PyDI also supports ML-based entity matching, similar to Winter's machine learning capabilities.

In [None]:
print("=== Machine Learning-Based Entity Matching ===")
print("Training ML model for entity matching (inspired by Winter's ML approach)...\n")

try:
    from PyDI.entitymatching import MLBasedMatcher
    
    # Initialize ML-based matcher
    ml_matcher = MLBasedMatcher()
    
    print("🤖 ML-Based Matching Features:")
    print("  • Automatic feature extraction from multiple attributes")
    print("  • Support for various ML algorithms (Random Forest, SVM, etc.)")
    print("  • Cross-validation and hyperparameter tuning")
    print("  • Feature importance analysis\n")
    
    # We would need labeled training data for supervised ML
    if len(gt_train) > 100:  # Sufficient training data
        print(f"📚 Training data available: {len(gt_train):,} labeled pairs")
        print("🎯 ML matching could be trained on this ground truth data")
        print("💡 This would create features from our comparators and learn optimal weights")
        
        # Demonstrate the concept (full implementation would require more setup)
        print("\n🔬 ML Matching Process:")
        print("  1. Generate candidate pairs (we already did this with blocking)")
        print("  2. Extract features using our comparators")
        print("  3. Train ML model on labeled training data")
        print("  4. Predict on test candidates")
        print("  5. Evaluate performance")
        
        # For this tutorial, we'll stick with rule-based matching
        print("\n💭 Note: Full ML matching implementation available in PyDI examples")
    
    else:
        print("⚠️  Insufficient training data for ML approach")
        
except ImportError:
    print("⚠️  ML-based matching requires additional dependencies")
    print("📦 Install with: pip install scikit-learn")
    
except Exception as e:
    print(f"⚠️  ML matching demo failed: {e}")
    print("🎯 Continuing with rule-based approach...")

## Part 3: Data Fusion

After identifying which records refer to the same entities, we need to fuse them into a single, high-quality representation. This is where PyDI's sophisticated fusion capabilities shine.

In [None]:
print("=== Data Fusion: Resolving Conflicts ===")
print("Creating unified movie records from multiple sources...\n")

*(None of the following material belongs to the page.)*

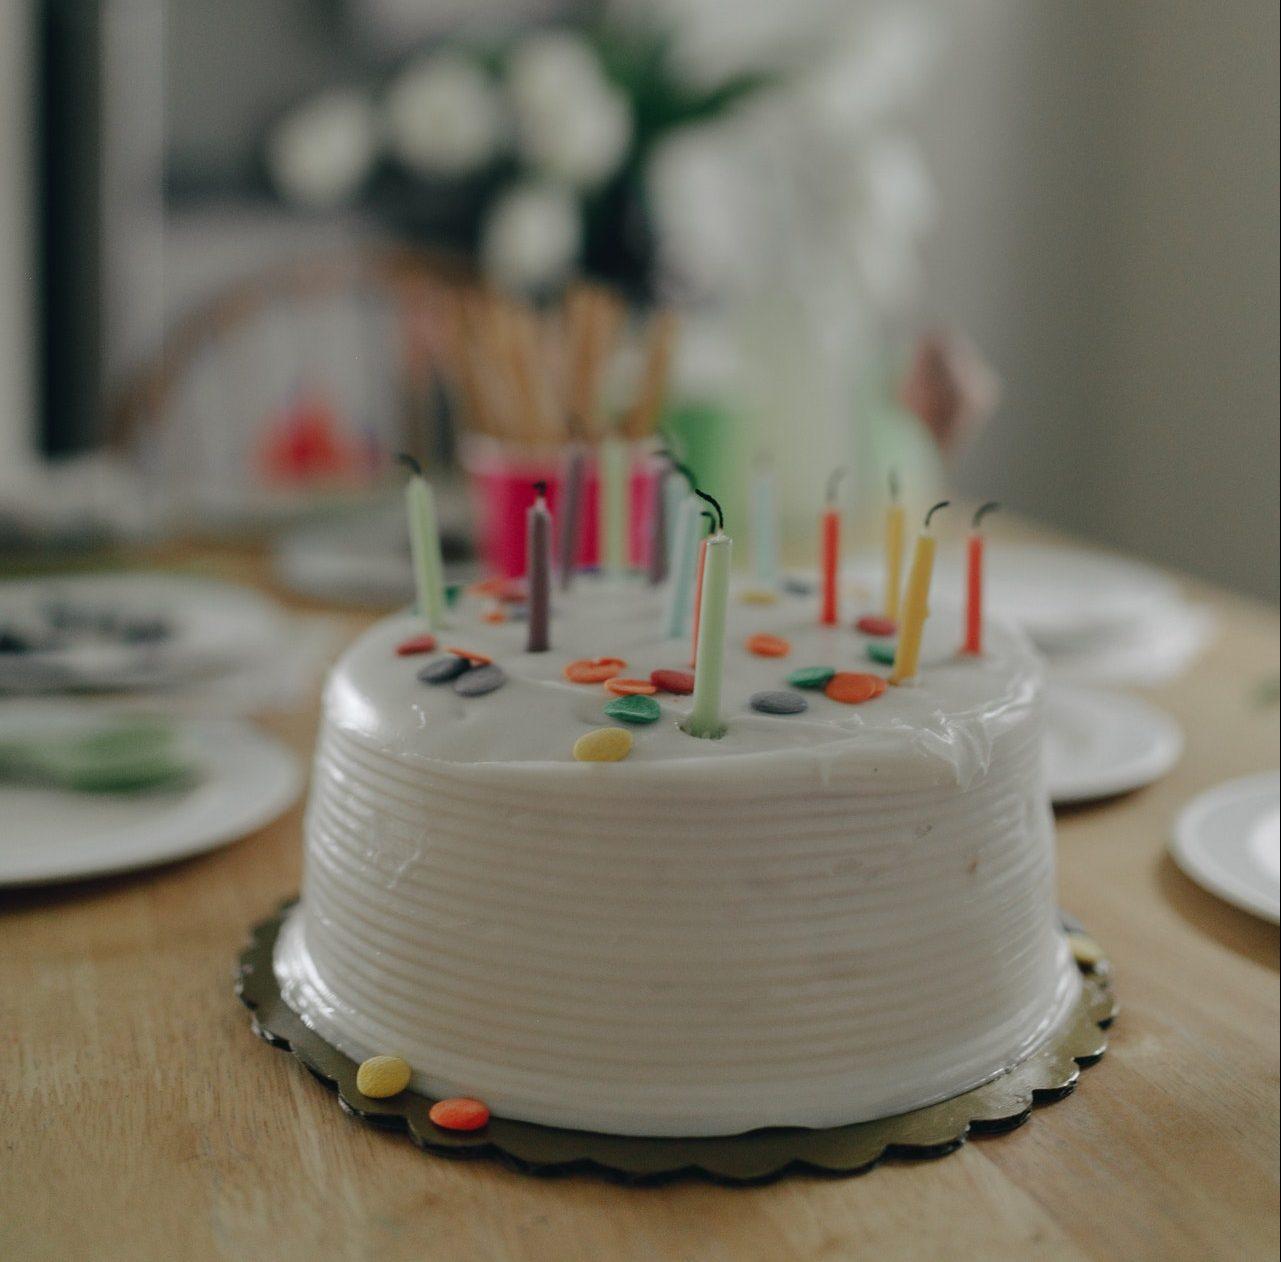 szuletesnapi torta e1619432611904

# Load all three datasets for fusion
print("📊 Fusion Input Datasets:")
for df, name in zip(datasets, names):
    print(f"  {name}: {len(df):,} records")

total_input_records = sum(len(df) for df in datasets)
print(f"  Total: {total_input_records:,} records")
print(f"\n🎯 Goal: Create single authoritative movie record per entity")

In [None]:
# Load correspondence data for fusion
print("\n=== Loading Correspondence Data ===")

# Load existing correspondences between datasets
corr_aa_actors = load_csv(
    DATA_DIR / "fusion" / "correspondences" / "academy_awards_2_actors_correspondences.csv",
    name="aa_actors_corr",
    header=None,
    names=['id1', 'id2', 'score'],
    add_index=False
)

corr_actors_gg = load_csv(
    DATA_DIR / "fusion" / "correspondences" / "actors_2_golden_globes_correspondences.csv",
    name="actors_gg_corr", 
    header=None,
    names=['id1', 'id2', 'score'],
    add_index=False
)

print(f"Academy Awards ↔ Actors: {len(corr_aa_actors):,} correspondences")
print(f"Actors ↔ Golden Globes: {len(corr_actors_gg):,} correspondences")

# Combine correspondences for fusion
all_correspondences = []
for _, row in corr_aa_actors.iterrows():
    all_correspondences.append({
        'id1': row['id1'], 'id2': row['id2'], 'score': row['score']
    })
    
for _, row in corr_actors_gg.iterrows():
    all_correspondences.append({
        'id1': row['id1'], 'id2': row['id2'], 'score': row['score']
    })

correspondences_df = pd.DataFrame(all_correspondences)
print(f"\n📊 Total correspondences for fusion: {len(correspondences_df):,}")

In [None]:
# Create sophisticated fusion strategy (inspired by Winter's DataFusionStrategy)
print("\n=== Creating Fusion Strategy ===")
print("Defining conflict resolution rules inspired by Winter framework...\n")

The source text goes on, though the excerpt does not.